В тот день случилось, конечно, не самое лучшее событие в моей жизни. Но вспоминая его, я всякий раз не сдерживаю улыбки – как бы гнусно и постыдно сие не было. Тогда прибыло письмо из Вестехельма – провинции далёких, родных для меня земель. Как писал в нём полевой лекарь, утром предшествующего дня скончался от лихорадки мой старший брат – генерал Кольфк Мелорн, которому в те дни почти уже исполнилось шестьдесят пять лет. Теперь мне, Ноторну Мелорну, переходило его положение старшего в семье, его особняк, доставшийся ему по праву первородства и более любимому сыну в наследство от почившего много лет назад отца, многие другие вещи – так гласило уже официальное свидетельство, подписанное рукой нотариуса. В этом же конверте лежала уже более скромная и неприметная на вид бумага, на которую я даже не сразу обратил внимание, о назначении меня опекуном над некоей Алией, дочерью Кольфка. Это был судьбоносный день.

Кольфка я хоть и не любил так крепко, как то бывает между братьями, но, тем не менее, достаточно сильно огорчился его смерти, обещавшись себе устроить похороны, достойные его генеральских заслуг. «Кольфк» – непобеждённый, выбор, несомненно, отцовский, не то что «Ноторн» – справедливый, последний подарок мне от матери, умершей спустя неделю после родов. Непобеждённый ни одной напастью, кроме последней, роковой – лихорадки, сожравшей его, судя по отчёту, меньше чем за неделю. Одному провиденью было ведомо, где он сумел подцепить эту заразу, однако последние три дня, если верить словам доктора провёл без мучений, почти не приходя в сознание. Он был отчаянным упрямцем и оставался верен своему кодексу воинской чести до последнего часа – в этом я не смел усомниться.

Про Алию я услышал тогда впервые, сильно удивившийся известию о том, что у Кольфка, заядлого холостяка, были дети. Очевидно, это было достаточно давно – девушке, судя по бумаге, было полных пятнадцать лет, но меня в тот момент удивило другое… Утаивать от брата целых пятнадцать лет о своём ребёнке, пусть даже и появившемся на свет как результат какого-нибудь романа, безнравственного развлечения? Если бы кто-либо сказал мне, что Кольфк способен утаить от меня таковой факт, я бы решил, что этот человек совершенно не знает Кольфка. Мой брат никогда не мог сдержать переживания в себе, обыкновенно рассказывая мне в редких, но содержательных письмах все события своей жизни в мельчайших деталях, прикладывая к этому свои размышления.

Однако, вплоть до вечера того дня меня совершенно не интересовала Алия, так как я, готовясь ко сну, да и весь прошедший день, рассуждал о переезде и, конечно же, тех деньгах, которые должны мне перейти.
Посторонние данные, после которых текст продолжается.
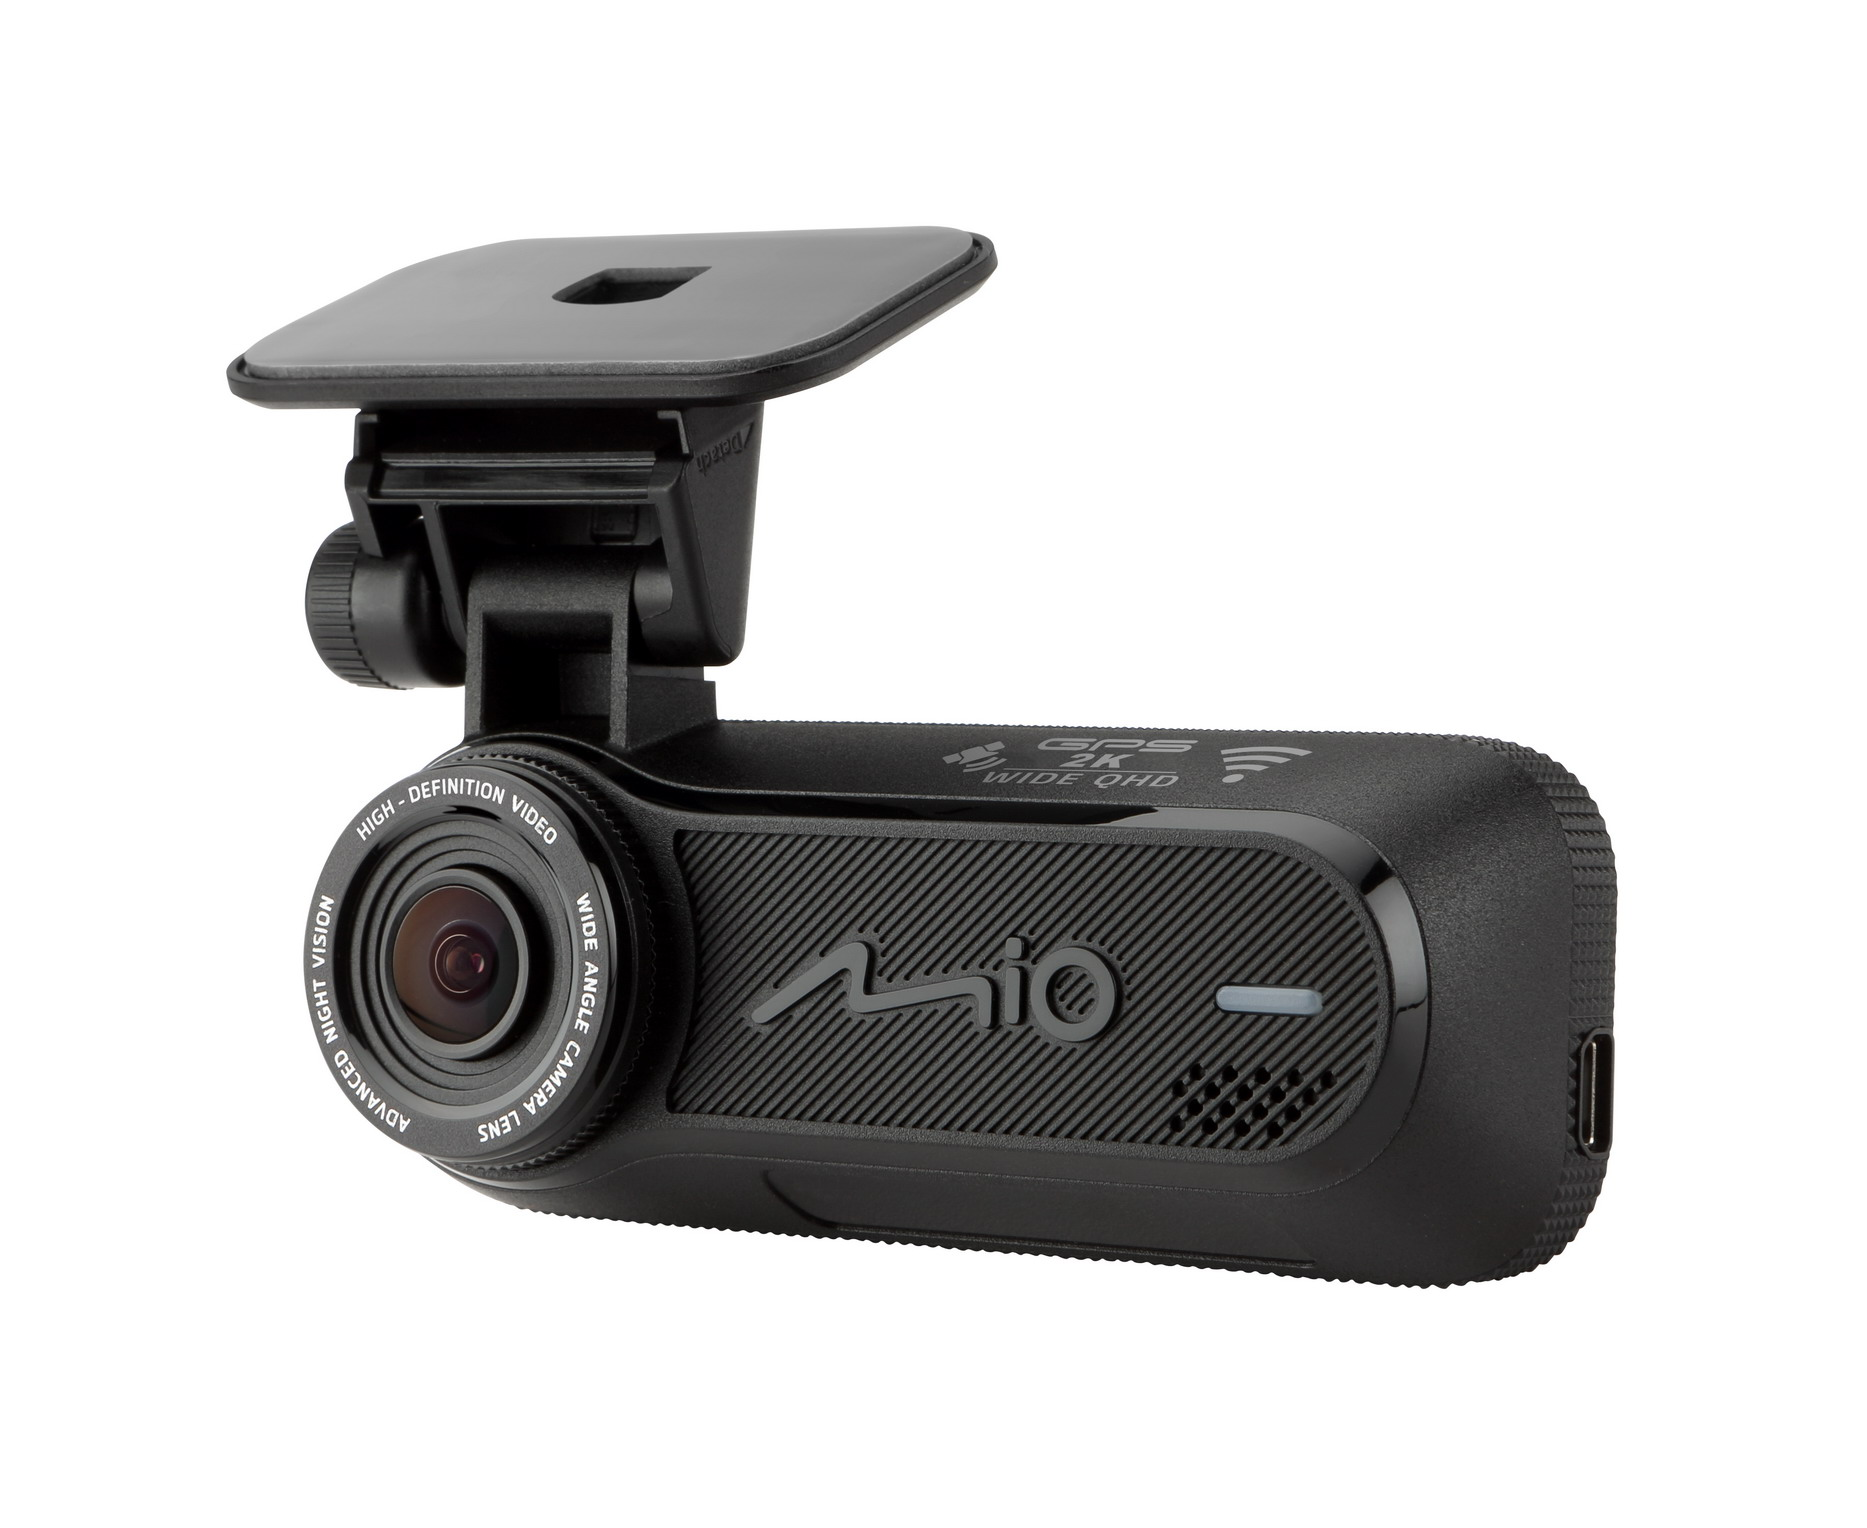 Kamera do auta Mio MiVue J85 WIFI 2.5K QHD - 5415N6060002

С военной карьерой мне никогда не везло – дослужился я до среднего и не особо значимого чина, а получив травму колена и головы, навсегда став калекой, был вынужден жить на скромное пособие от государства в небольшом имении, выкупленном так кстати за полгода до оборвавшей мою прежнюю судьбу трагедии.

Здесь я жил и сейчас. Стены давно требуют основательного ремонта, протекающая ненадёжная крыша, в особо снежные зимы грозившаяся провалиться, да трещины в фундаменте, из-за которых даже в тёплые месяцы по полу гулял стуженый язык сквозняка, разыгрывая со мной внеочередную игру-проверку на прочность. От этого сомнительного климата в моём доме колено становилось просто невыносимым и реагировало ноющей болью на каждое прикосновение. Да и само здоровье моё основательно в итоге подорвалось. Двое моих слуг – кухарка и ключник, отвечавший, впрочем, за многое-многое другое помимо содержания комнат, старались сделать это место пригодным для жилья, как только могли, за что я был безмерно им благодарен.